The world was changing before my eyes, and I was shocked to discover Apple was not the one doing the changing. The company was making vague promises about its own AI features, but as of this writing, nearly nine months later, they are still just promises. For a company whose most famous advertising campaign advised us to “think different” and be visionaries, mavericks and rebels, it looked awfully like its mouth had written cheques its ass was no longer able to cash.
I’d had enough. I had a life to optimise and time that needed saving and Apple was no longer the rational choice to help me achieve those goals. So, a few weeks ago, I did the unimaginable and started using a family member’s hand-me-down Samsung Galaxy S23 Ultra. It was not the model I had tested earlier this year – it was the generation immediately preceding it – but it used the same software and had the same AI features and was quite a step up from my iPhone 8.
I had worried about losing my valuable data and all my embodied understanding of the iPhone, but it was preposterously easy to switch.

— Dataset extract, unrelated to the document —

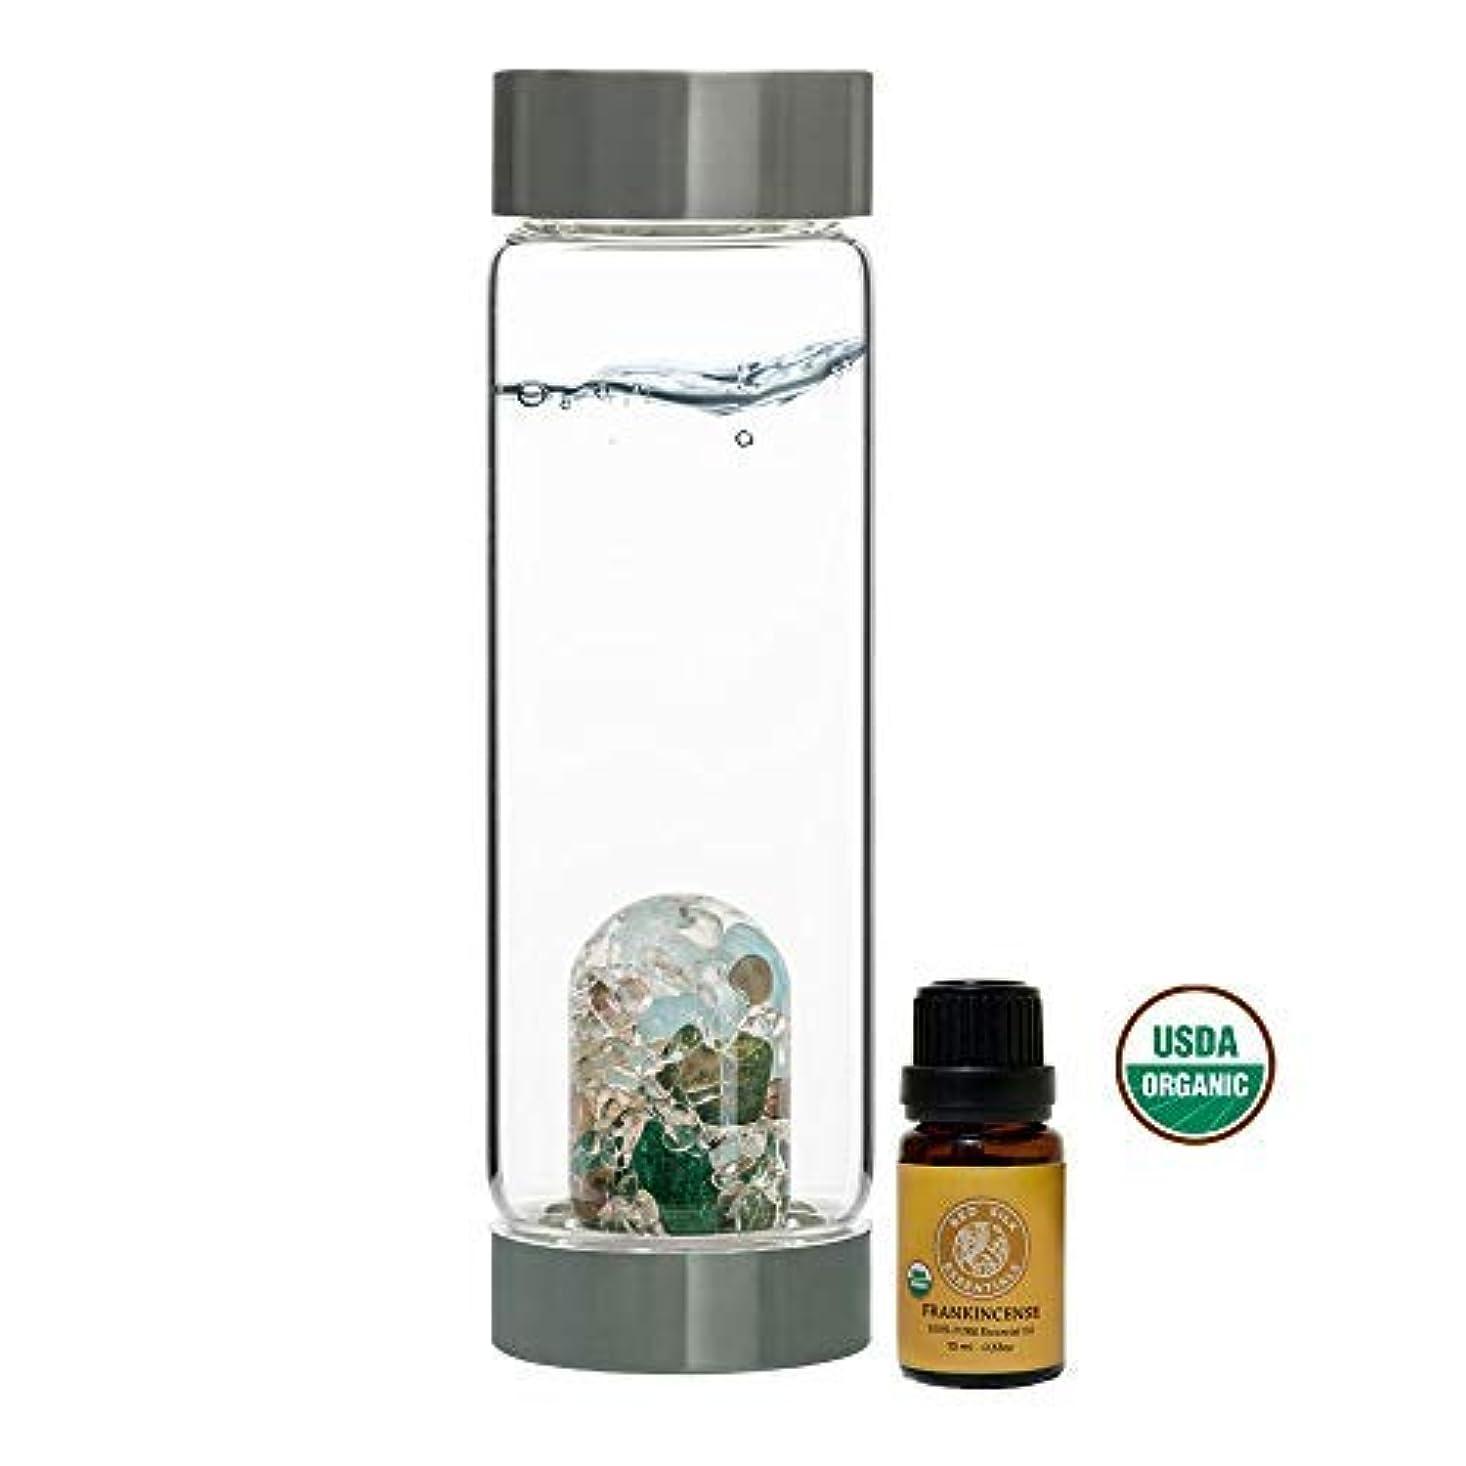 情熱交通優しいVitaJuwel Gem Water Bottle ViA - Forever Young w/Free Organic Frankincense Essential Oil [並行輸入品]

I used a Samsung app that pulled all my data over from my iPhone and was using the Galaxy S23 Ultra within minutes.
Sure, I had to embody some new swipings and tappings, but I was so in love with the phone, our initial fumblings were more exciting than frustrating.
I set about using every AI function I could get my hands on, summarising webpages, conversations and notes, manipulating photos, transcribing recordings, live-translating phone conversations. What a time it was to be alive.
Yes, I had some minor withdrawal symptoms as my fingers pined embarrassingly for the iPhone, but I refused to give in to them, and within a week or two I was using my new phone far more effectively, and with more joy, than I had ever used my old one.
I was filled with excitement at all the rich and terrible possibilities of technology, in a way I had not been filled by Apple’s products for many years. Together, I felt like the Galaxy and I could do something big and important, maybe even something that would push the human race forward and/or change the world.
The fact we have not yet done so – the fact we have done little more than edit some photos and make summaries of conversations with my wife for my personal entertainment – is neither the point nor the fault of the Samsung S23 Ultra.